有年老的長老似乎是回憶起了那時的往事,聖女鑰煙輕抿著薄唇,看著蒼穹之上的劍宗,一言不發。
沒有經歷過萬族之劫的人,永遠感受不到絕望!
「二十一州全天下的宗門為了宗門的延續皆是避而不戰,任由荒修的肆虐!」
「時人若擬入滄澗,先過劍宗八百仙。」
「——劍宗的老掌門說了這麼一句話。」
「劍宗走出了宗門。」
「數不清地劍光沖天而起,若暴雪般肆虐,千里之外仍舊能聽到劍光呼嘯之意,蒼穹之上一步便是一劍仙,一過便是一塗炭!」
每一句直刺人心!
整個聖殿一片寂靜,所有人無聲的看著眼前的一幕,望著那身後綻放著百柄長劍的女子,悄無聲息。
很多人漸漸地攥緊了雙拳,很多人咬緊了牙齒。
望著那個劍宗,望著這個被稱之為十大宗門最末的劍宗。
鏗鏘——
一柄長劍斷裂了。
斷的很清脆。
「承影,隕!」
鏗鏘——
「太阿,隕!」
「湛盧,隕!」
「純鈞,隕!」
「龍淵。
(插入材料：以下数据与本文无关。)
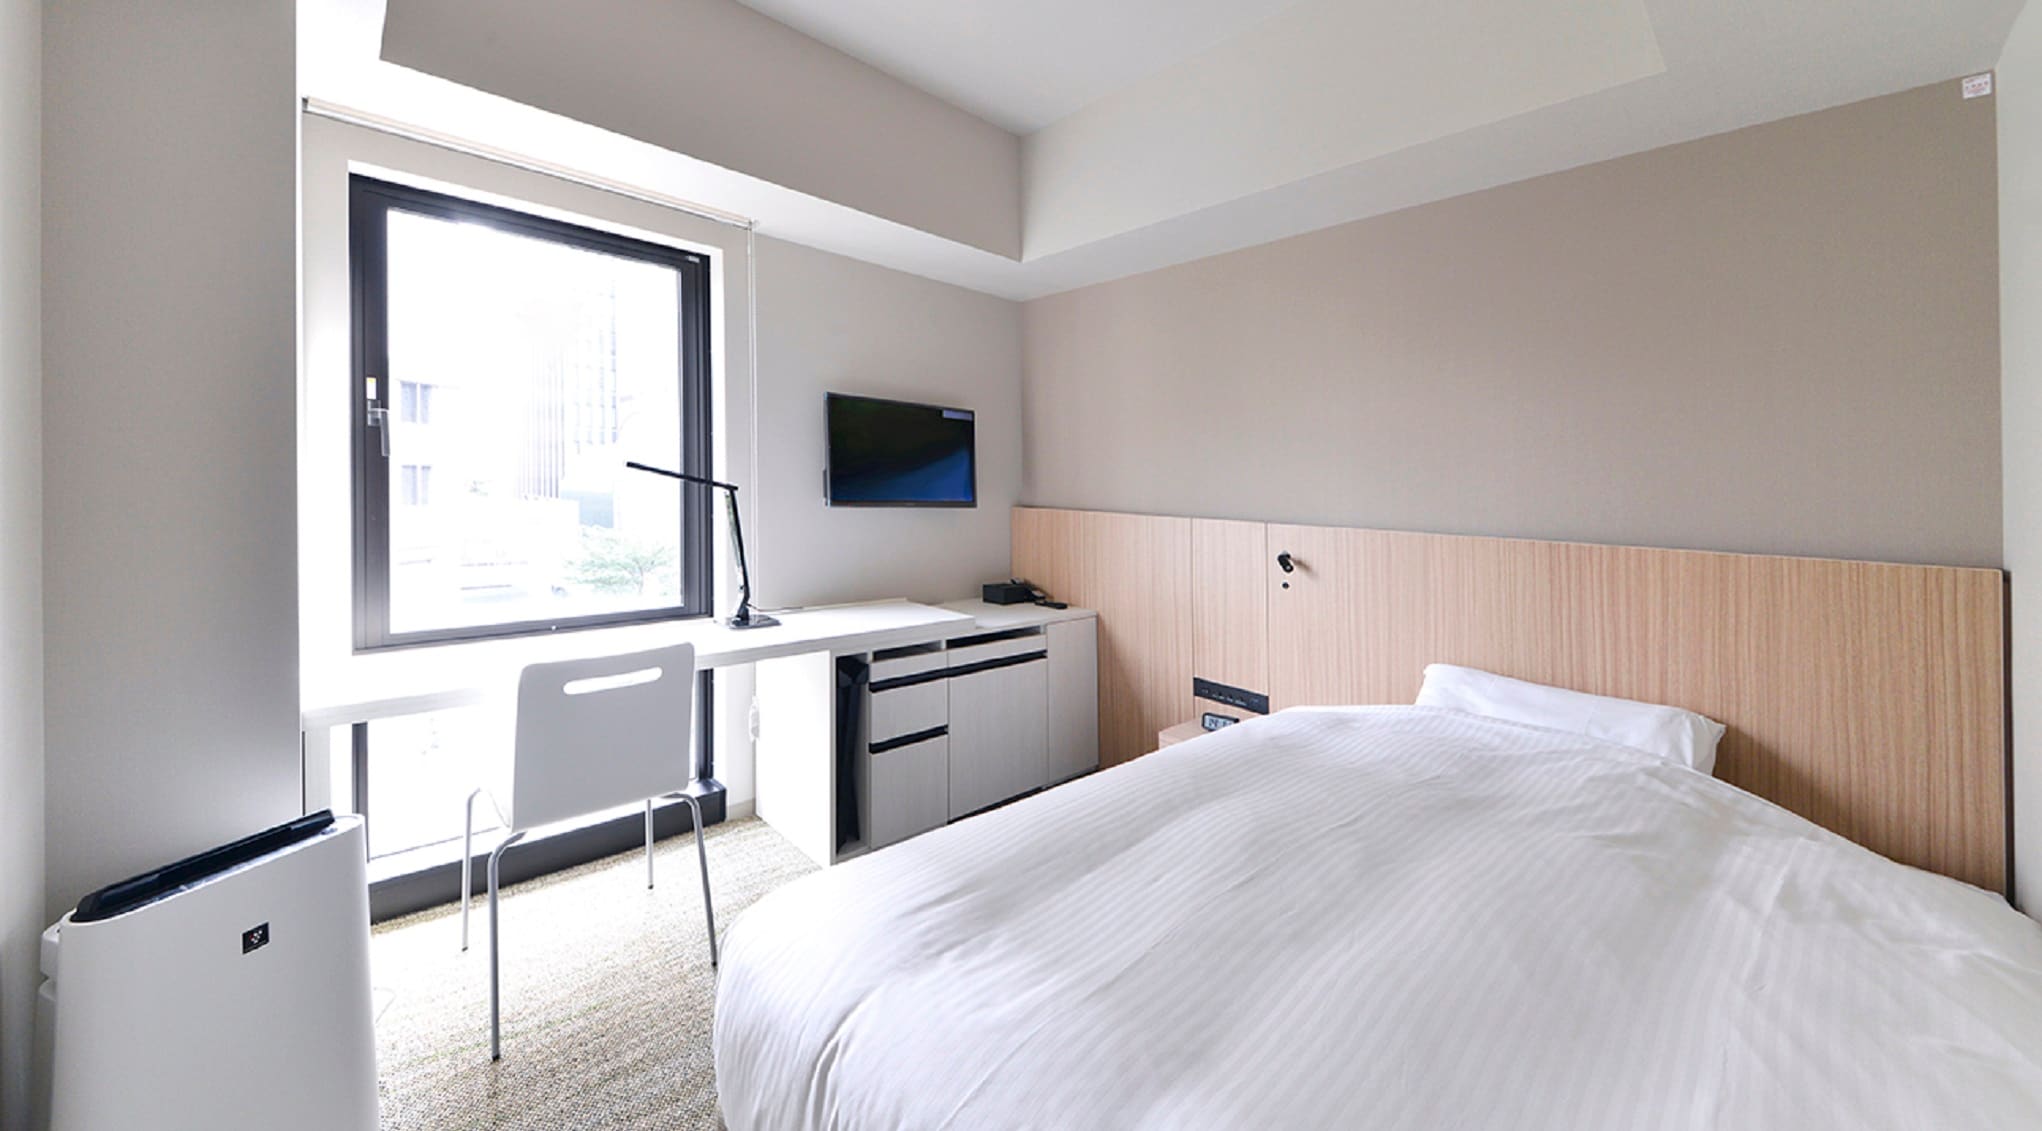 Kamar single 16㎡ Meja luas tersedia Lebar tempat tidur 140cm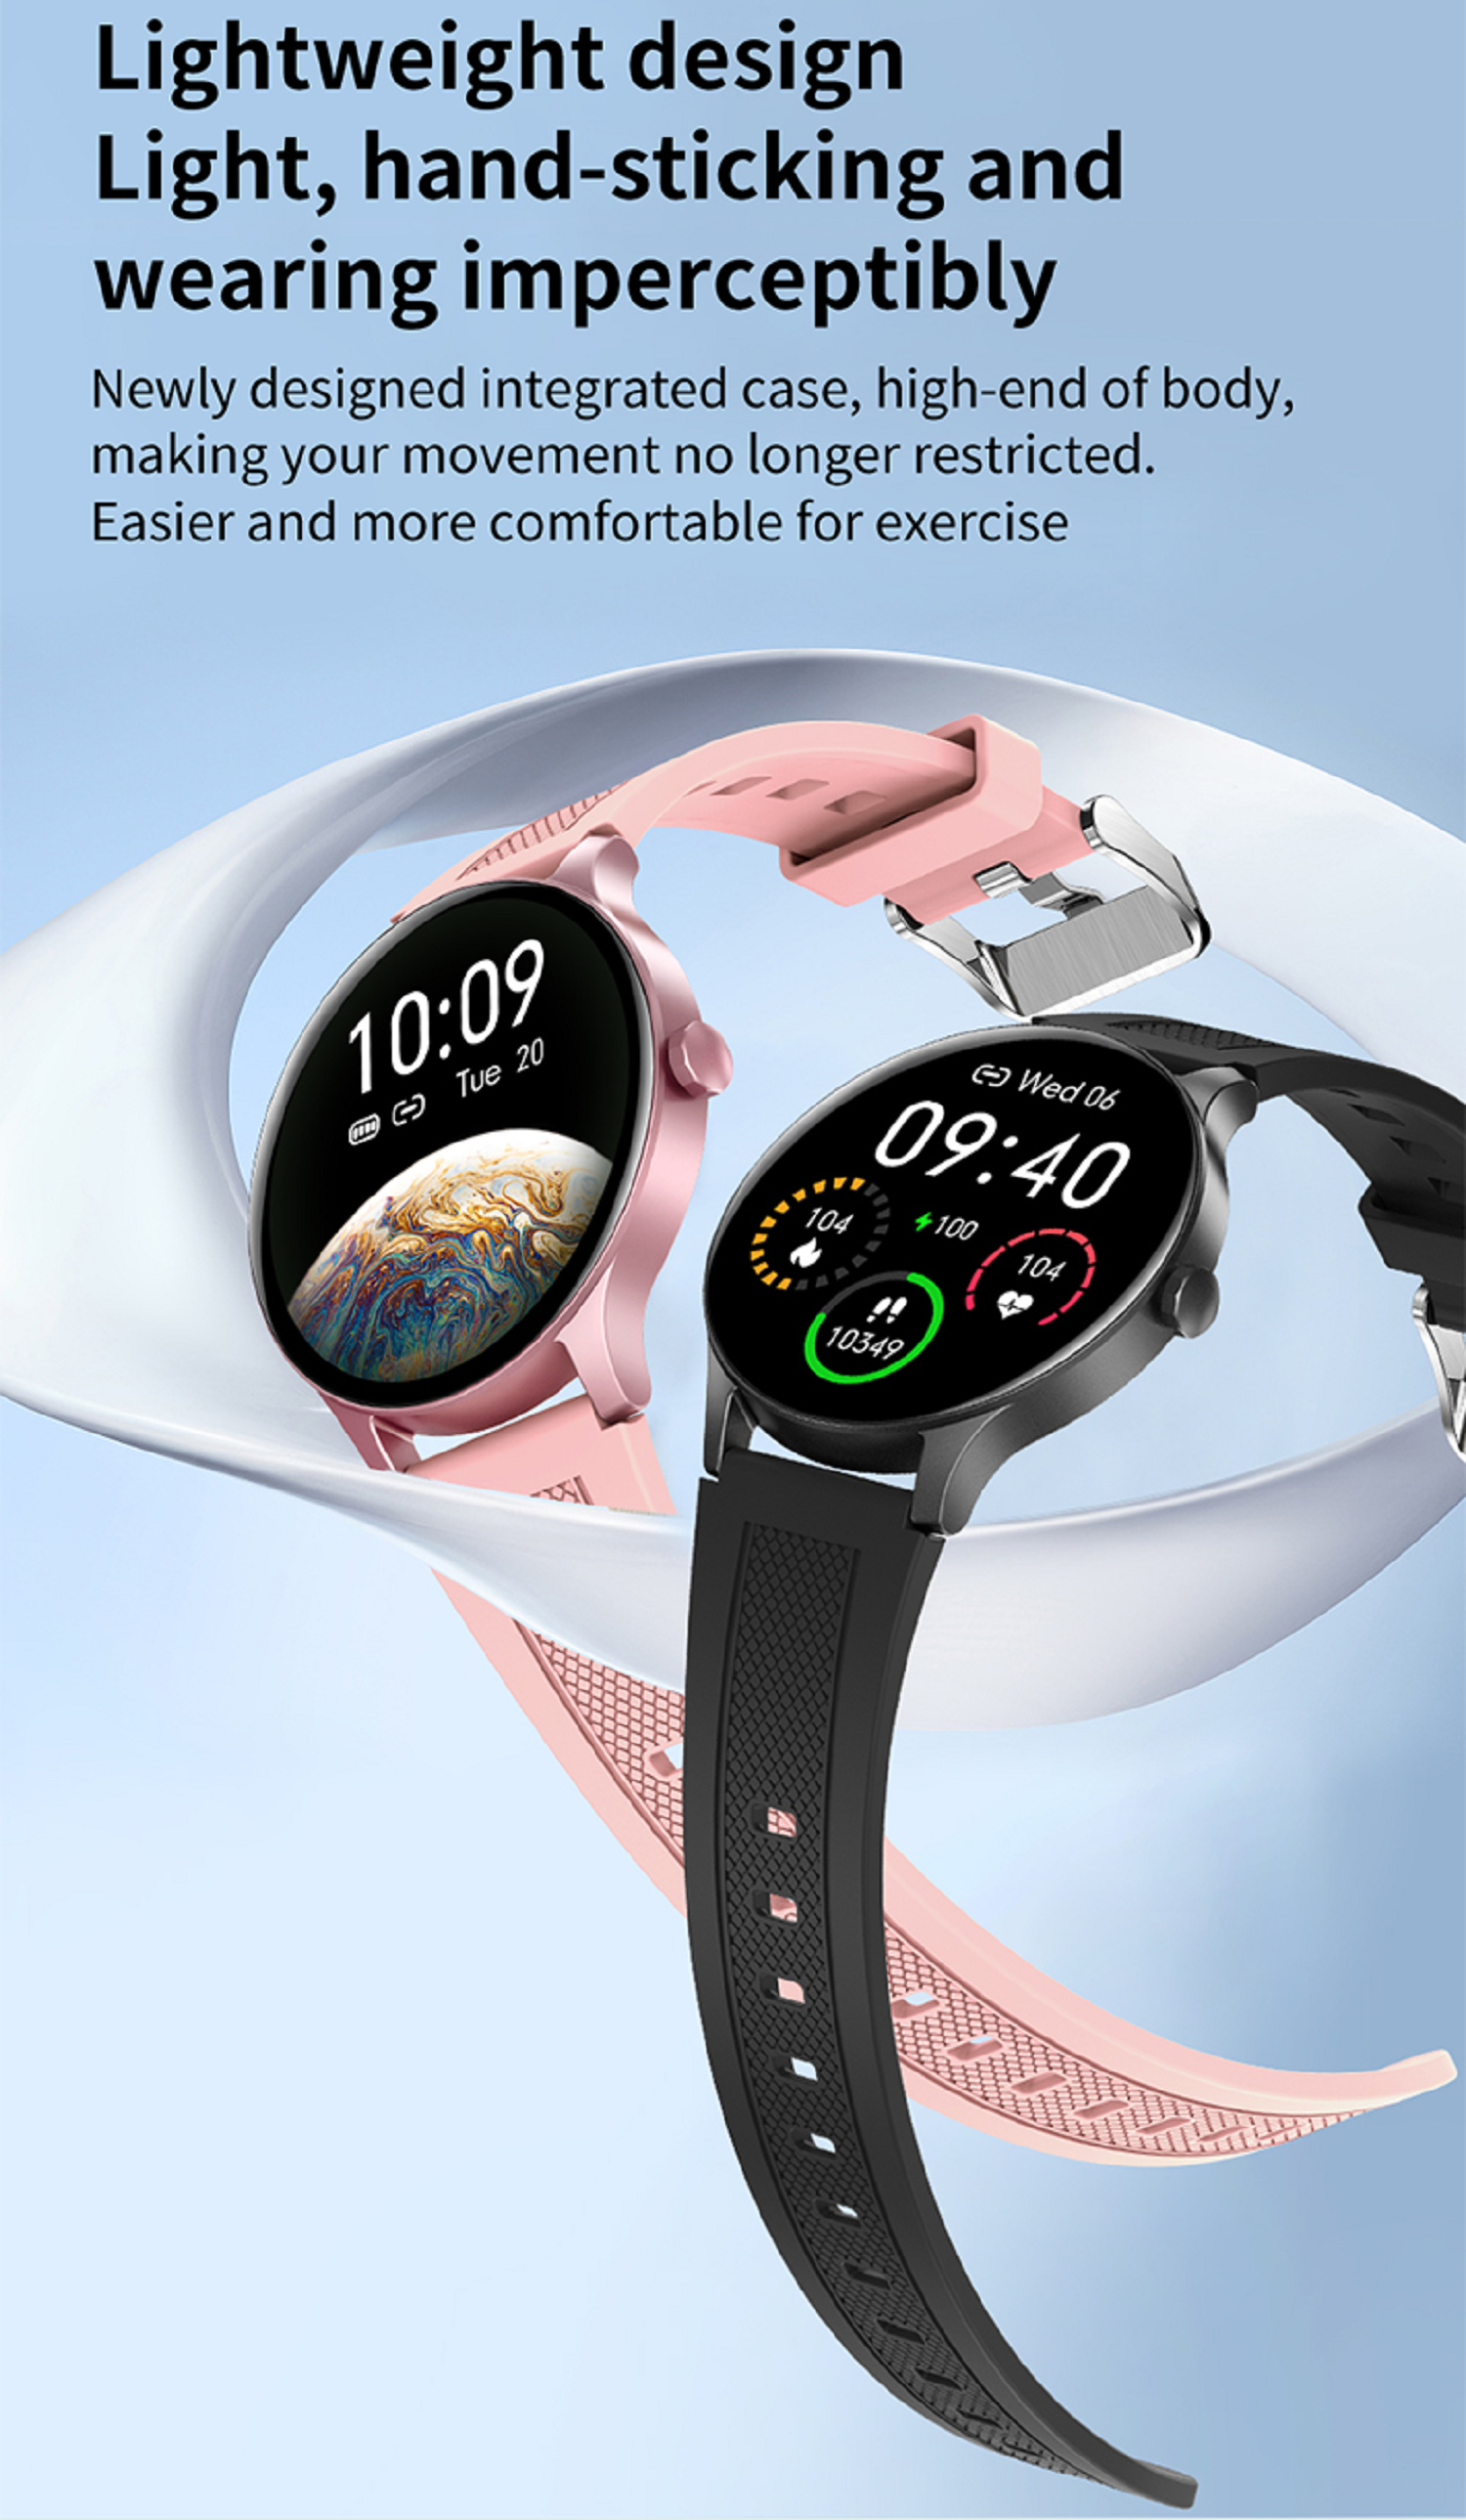 KAREN M NY 20 Smartwatch Schwarz Silikon

隕!」
「」
一柄又一柄的長劍斷裂,唯剩下劍柄握於數百隻手中。
漫天的月芒在這一刻轟然灑下,直到最後一柄劍的斷裂。
直到劍娘手中的那一柄劍的徹底斷裂。
「劍宗八百劍仙。」
「劍宗八百劍冢。」
「劍宗再無天下二字。」
「」
每一句話,每一個字極為的平淡,只是每一句話都是在述說,述說著二十一州人盡皆知的事實!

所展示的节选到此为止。